◆ SOURCE INFORMATION
=== Begin Enclosure ===

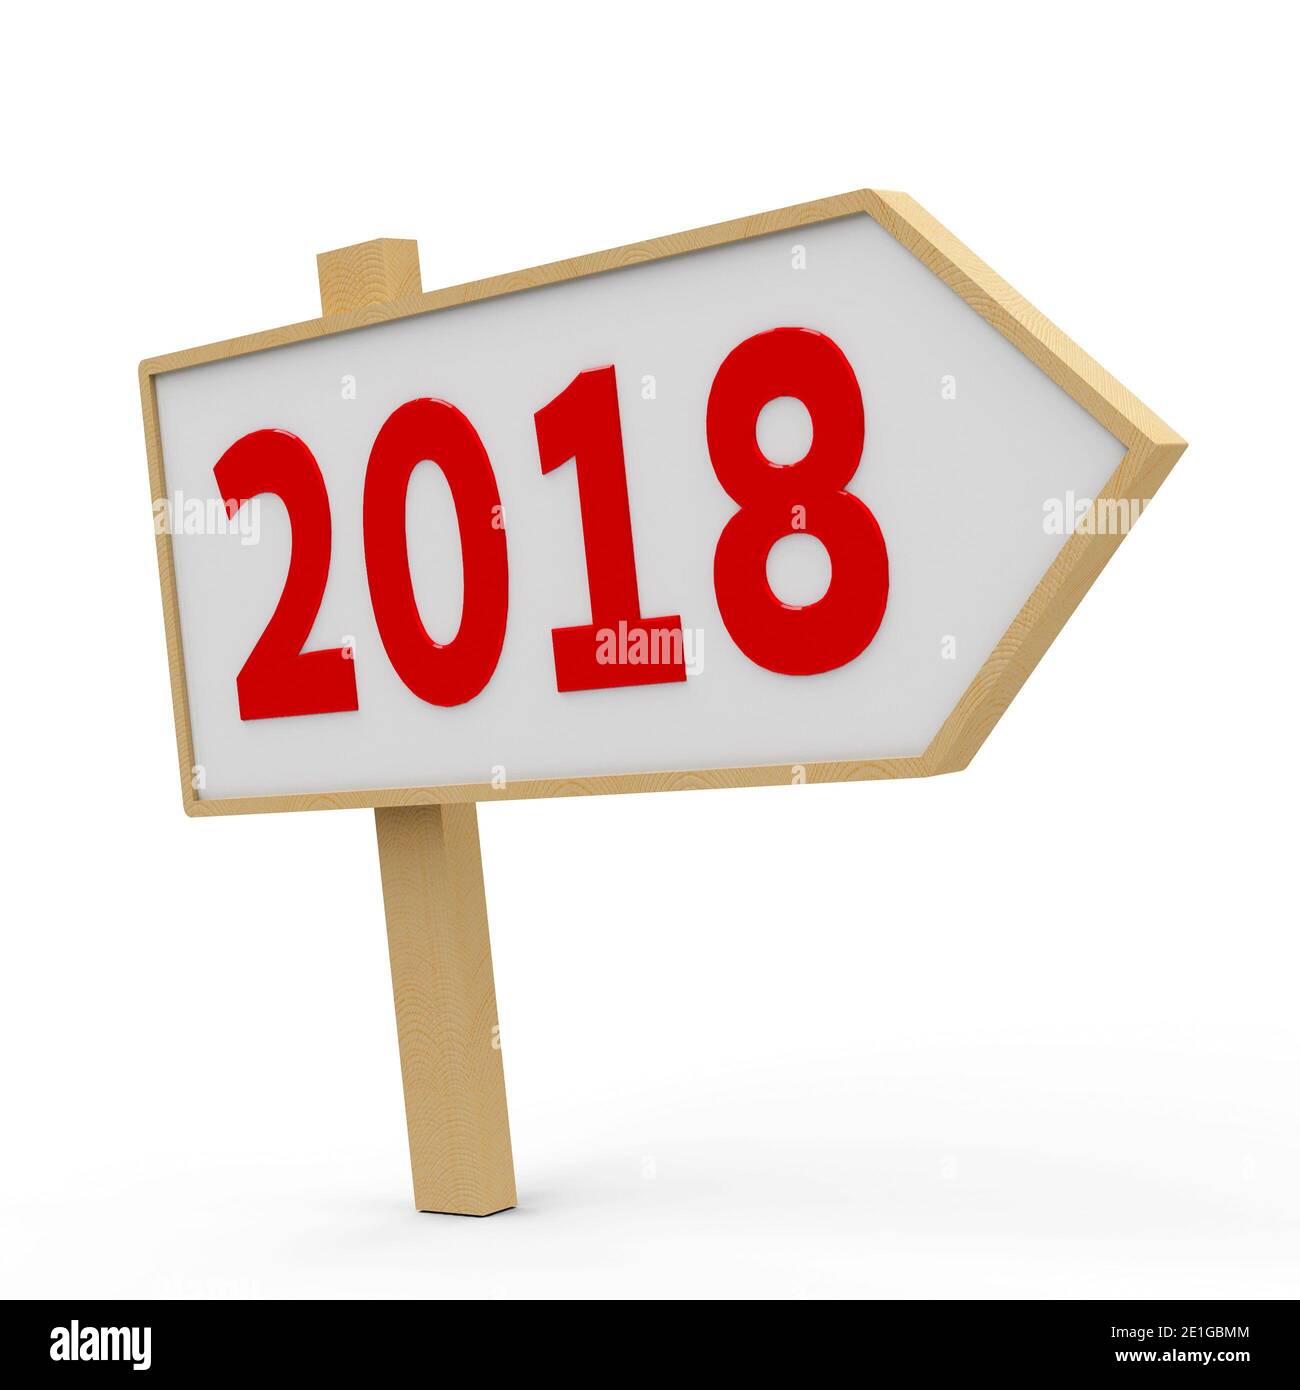 2018 white banner on white background, represents the new year 2018, three-dimensional rendering, 3D illustration Stock Photo
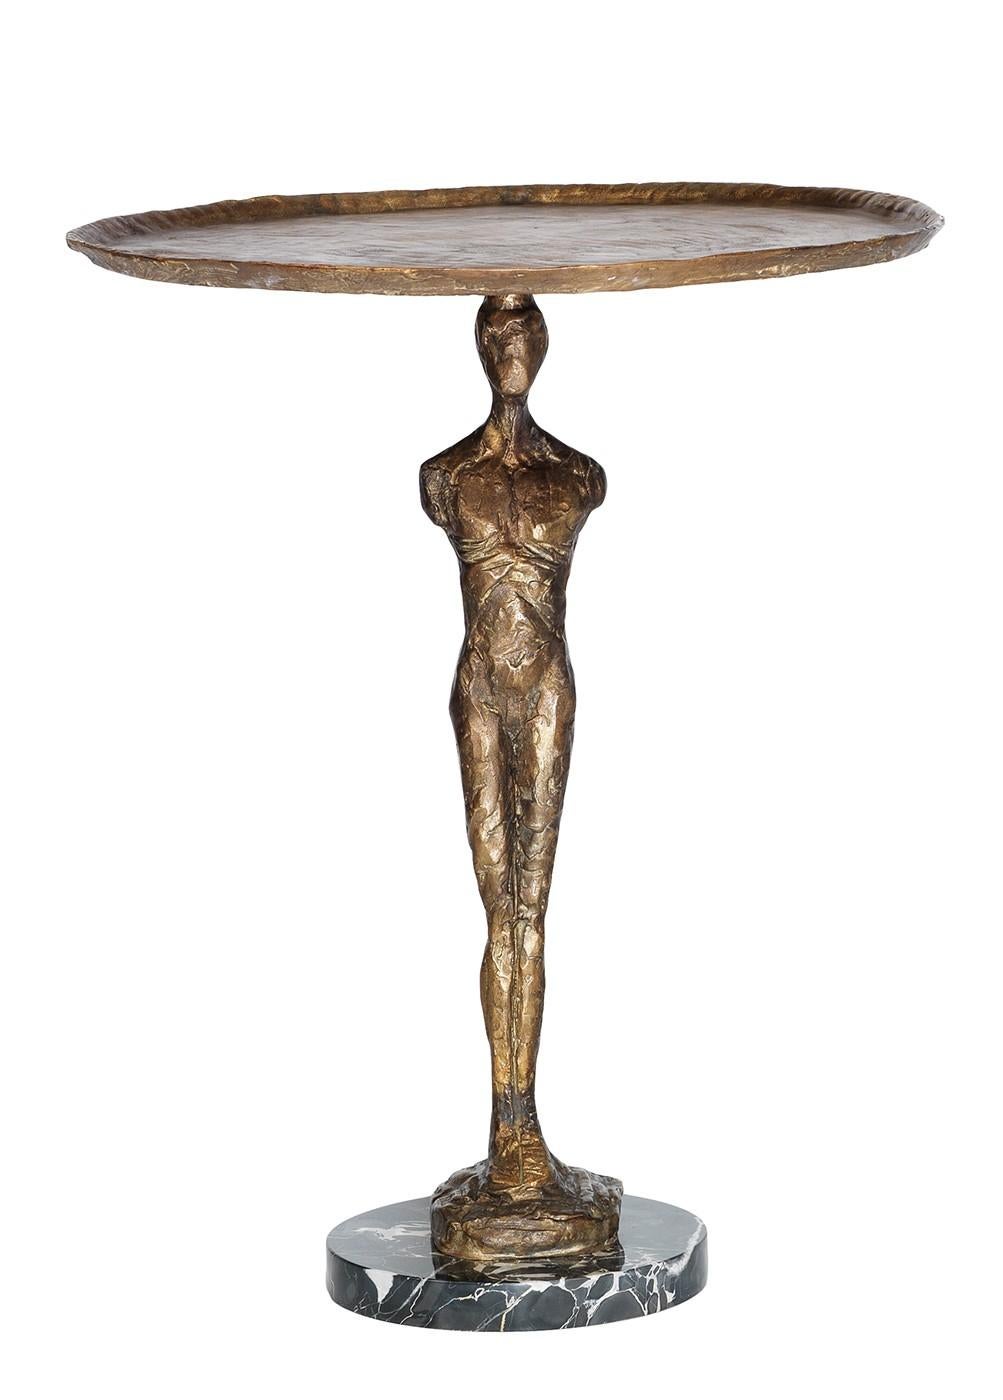 Evoking the simplicity and elegance of neoclassic designs, this table will add a sophisticated touch to any decor. The balanced design features a beveled tray supported by the athletic Silhouette of a man reminiscent of ancient Greek statuary. The
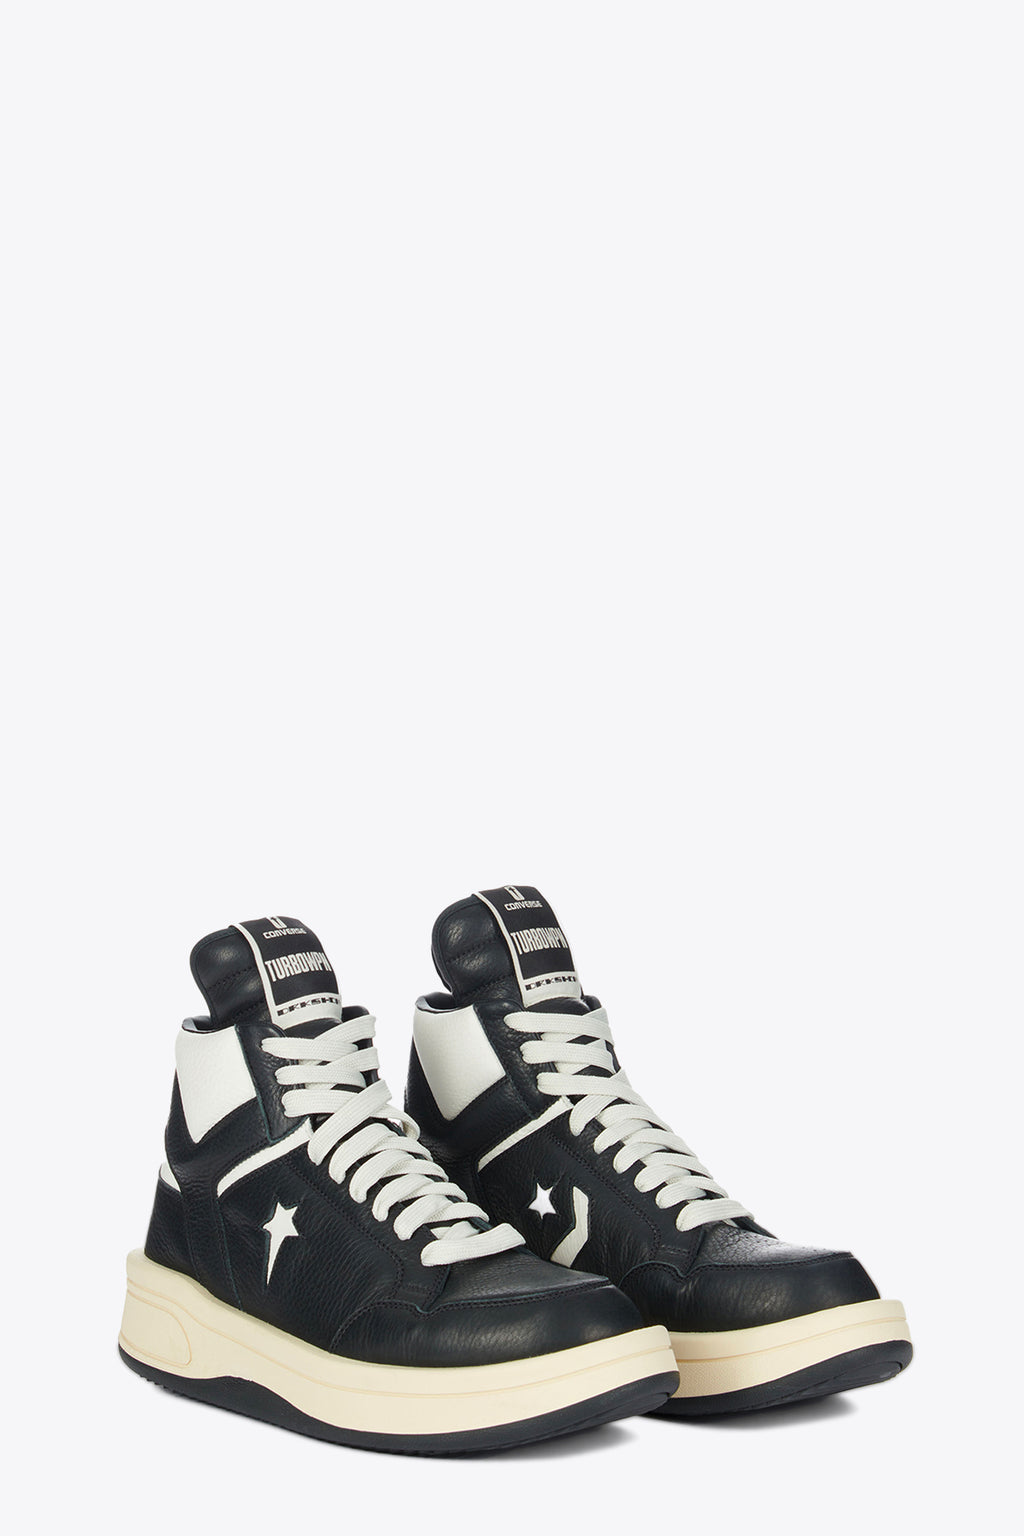 alt-image__Black-and-off-white-leather-basket-sneaker-Converse-collab---Turbowpn-
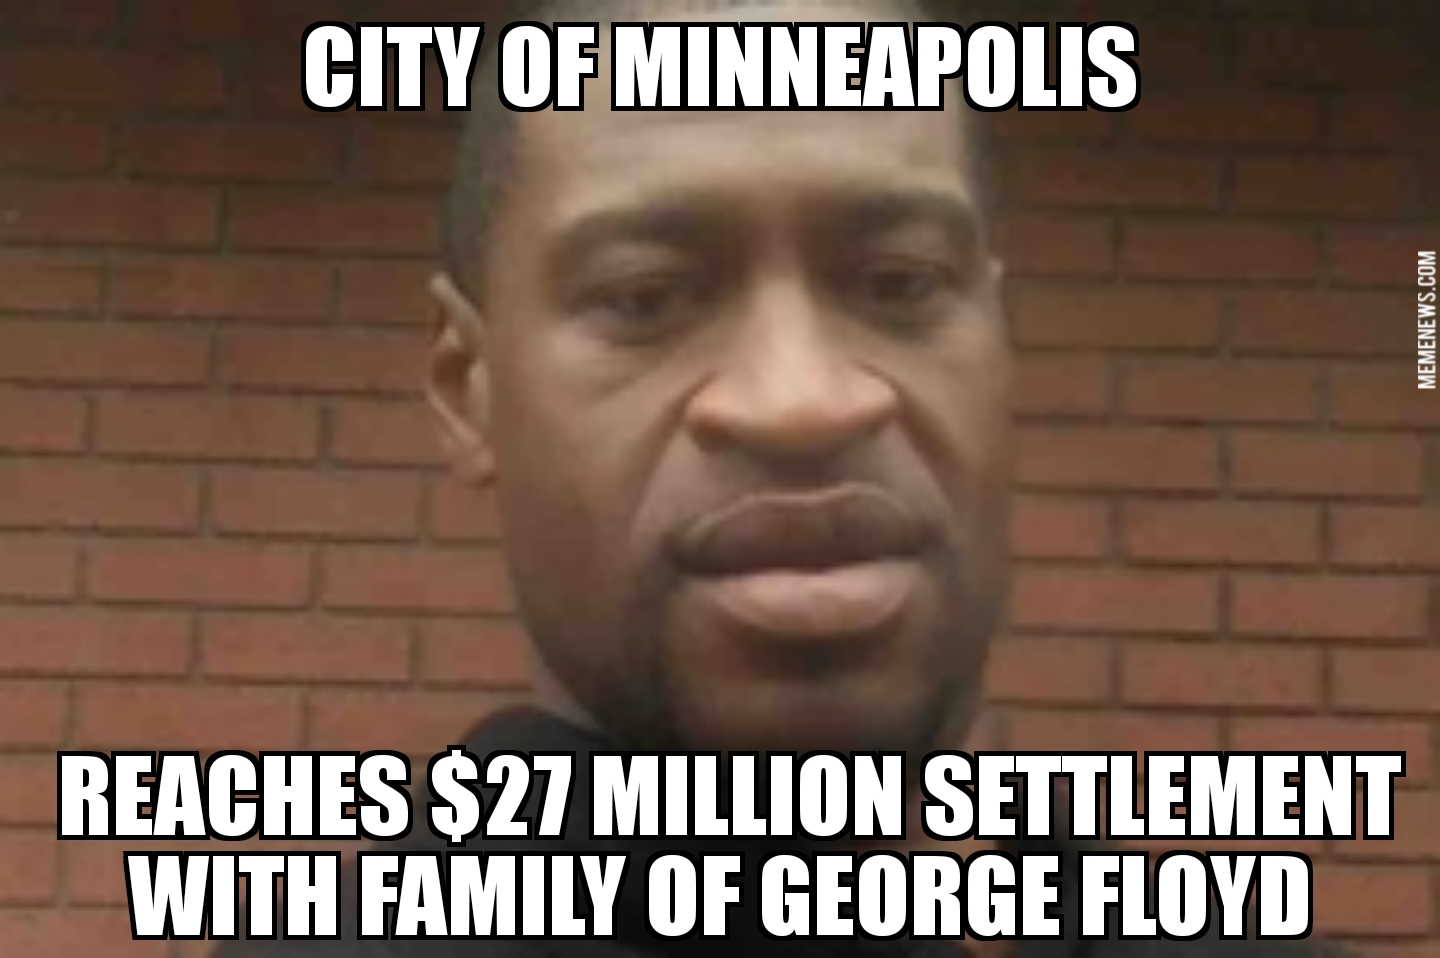 Minneapolis reaches settlement with George Floyd’s family
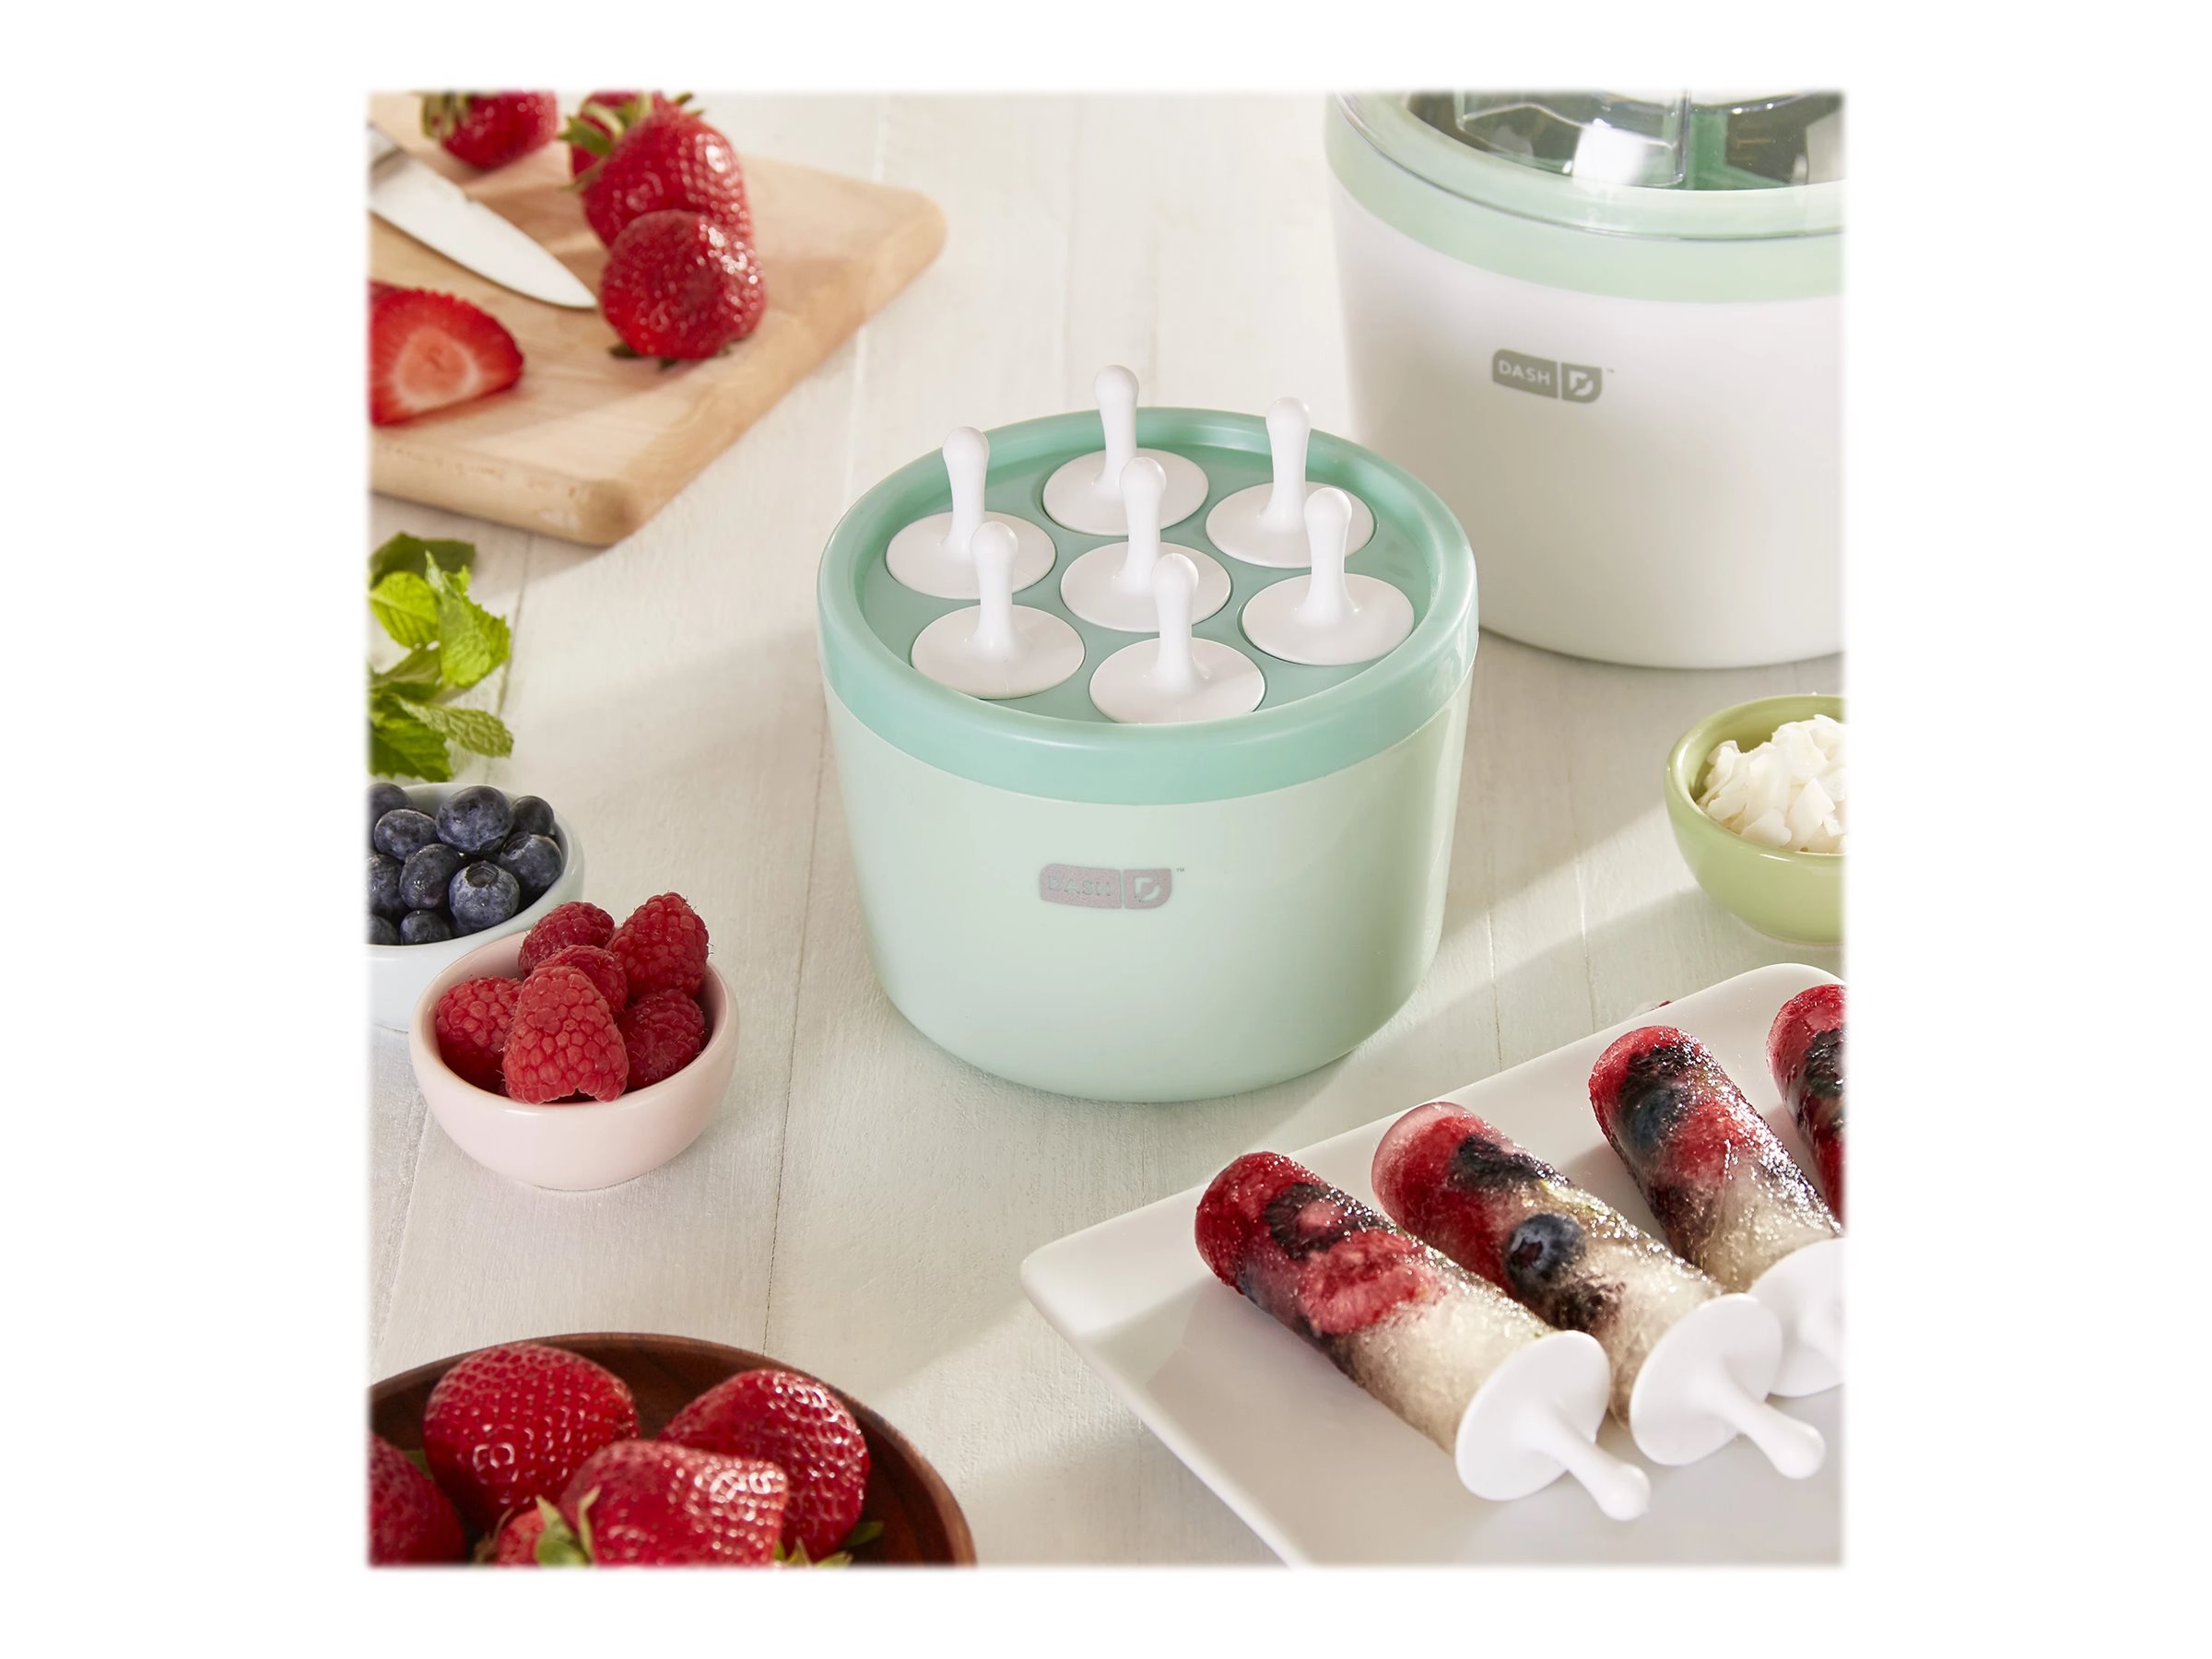 Rise by Dash RPIC100GBSK04 Ice Cream Maker, Blue – Toolbox Supply

=== End Enclosure ===

◆ EXERCISE
The answer must be the full listing, restated word for word, with no pictures in it.

◆ SOLUTION
 2018 white banner on white background, represents the new year 2018, three-dimensional rendering, 3D illustration Stock Photo
 Evoking the simplicity and elegance of neoclassic designs, this table will add a sophisticated touch to any decor. The balanced design features a beveled tray supported by the athletic Silhouette of a man reminiscent of ancient Greek statuary. The
 alt-image__Black-and-off-white-leather-basket-sneaker-Converse-collab---Turbowpn-
 Minneapolis reaches settlement with George Floyd’s family
 Rise by Dash RPIC100GBSK04 Ice Cream Maker, Blue – Toolbox Supply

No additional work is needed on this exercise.